Private Games (Private 3)
Page 7
Knight held his ribs, still struggling for air as the Rasta driver took off after the black cab, which was well ahead of them by now, turning hard west along Pont Street.
‘I catch her, mon!’ the driver promised. ‘Dat crazy one tried to kill you!’
Lancer was looking back and forth between the road ahead and Knight. ‘You sure you’re okay?’
‘Banged and bruised,’ Knight grunted. ‘And she wasn’t trying to run me down, Mike. She was trying to run you down.’
The driver power-drifted into Pont Street, heading west. The black cab was closer now, its brake lights flashing red before it lurched in a hard right turn into Sloane Street.
The Rasta mashed the accelerator hard. They reached the intersection with Sloane Street so fast that Knight felt sure they’d actually catch up with the woman who’d just tried to kill him.
But then two more black cabs flashed past them, both heading north on Sloane Street, and the Rasta was forced to slam on his brakes and wrench the wheel so as not to hit them. Their cab went into a screeching skid and almost hit another car: a Metropolitan Police vehicle.
Its siren went on. So did its flashing lights.
‘No!’ Lancer yelled.
‘Every time, mon!’ the driver shouted in equal frustration as he slowed his vehicle to a stop.

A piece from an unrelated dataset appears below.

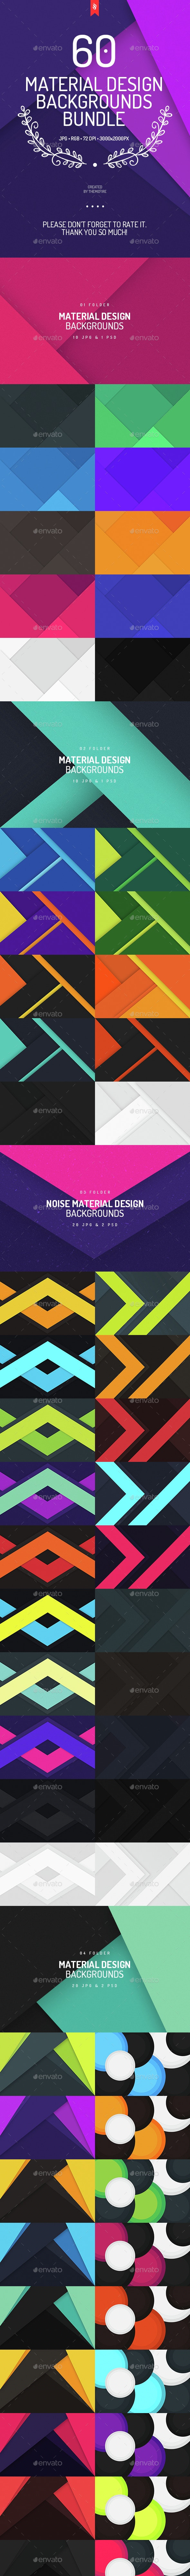 60 Material Design Backgrounds Bundle - Backgrounds Graphics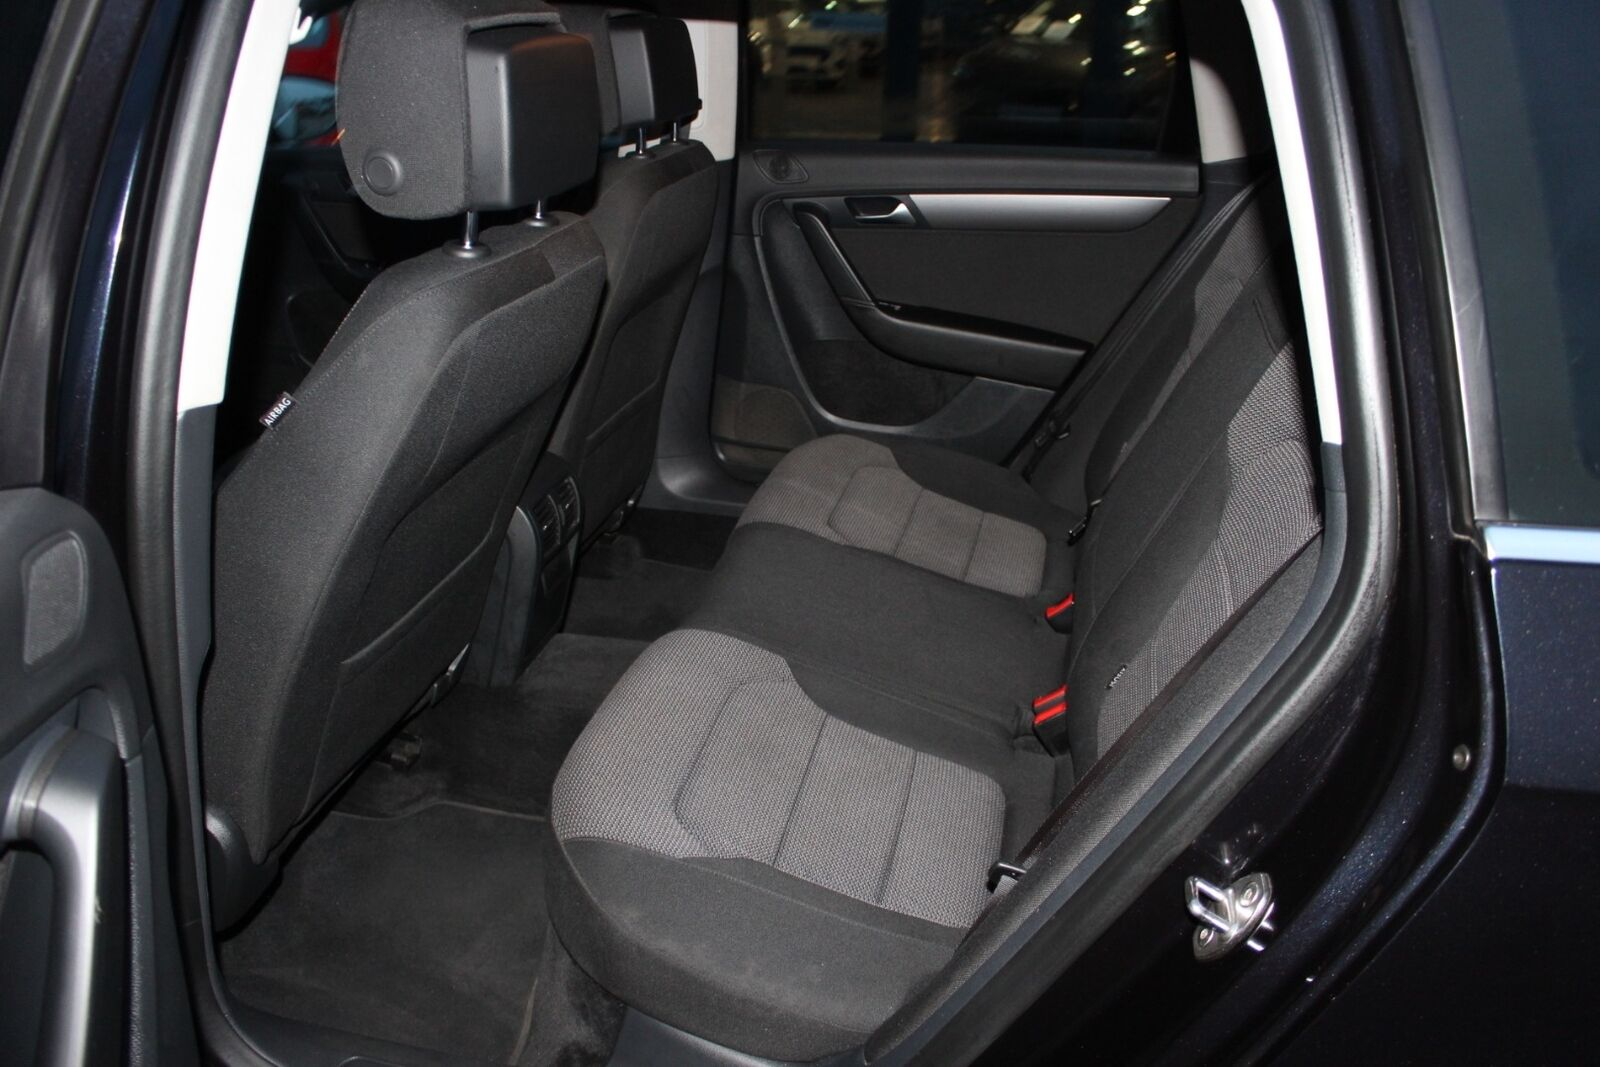 VW Passat 2,0 TDi 140 Comfortl. Vari. BMT - billede 7

Knight nodded, dazed and angry, staring through the windscreen as the taxi that had almost killed him melted into the traffic heading towards Hyde Park.
Chapter 8
BRIGHTLY FLETCHED ARROWS whizzed and cut through the hot mid-morning air. They struck in and around yellow bullseyes painted on large red and blue targets set up in a long line that stretched across the lime-green pitch at Lord’s Cricket Ground near Regent’s Park in central London.
Archers from six or seven countries were completing their final appointed practice rounds. Archery would be one of the first sports to be decided after the 2012 London Olympic Games opened, with competition scheduled to start mid-morning on Saturday, two days hence, with the medal ceremony to be held that very afternoon.
Which was why Karen Pope was up in the stands, watching through binoculars, boredom slackening her face.
Pope was a sports reporter for the Sun, a London tabloid newspaper with six million readers thanks to a tradition of aggressive bare-knuckle journalism and publishing photographs of young bare-breasted women on page three.
Pope was in her early thirties, attractive in the way that Renée Zellweger was in the film Bridget Jones’s Diary but too flat-chested ever to be considered for the Sun’s page three. Pope was also a dogged reporter, and ambitious in the extreme.
Around her neck that morning hung one of only fourteen full-access media passes granted to the Sun for the Olympics. Such passes had been severely limited for the British press because more than twenty thousand members of the global media would also be in London to cover the sixteen-day mega-event. The full-access passes had become almost as valuable as Olympic medals, at least to British journalists.
Pope kept thinking that she should be happy to have the pass and to be here covering the Games at all, but her efforts this morning had so far failed to yield anything truly newsworthy about archery.
She’d been looking for the South Koreans, the gold-medal favourites, but had learned that they had already finished their practice session before she arrived.
‘Bloody hell,’ she said in disgust. ‘Finch is going to kill me.’
Pope decided her best hope was to research a feature that with lively writing might somehow make the paper. But what sort? What was the angle?
Archery: Darts for the Posh?
No – there was absolutely nothing posh about archery.
Indeed, what in God’s name did she know about archery? She’d grown up in a football family. Earlier that very morning Pope had tried to explain to Finch that she’d be better off assigned to athletics or gymnastics. But her editor had reminded her in no uncertain terms that she’d only joined the paper from Manchester six weeks before and was therefore low-person on the sports desk.
‘Get me a big story and you’ll get better assignments,’ Finch had said.
Pope prodded her attention back to the archers. It struck her that they seemed so calm. It was almost as though they were in a trance over there. Not like a cricket batsman or a tennis player at all. Should she write about that? Find out how the bowmen got themselves into that state?
C’mon, she thought in annoyance, who wants to read about Zen in sports when you can look at bare boobs on page three?
Pope sighed, set down her binoculars, and shifted her position in one of the blue grandstand seats. She noticed, stuffed down into her handbag, a bundle of mail that she’d grabbed leaving the office and started going through the stack, finding various press releases and other items of zero interest.
Then she came to a thick Manila envelope with her name and title printed oddly in black and blue block letters on the front.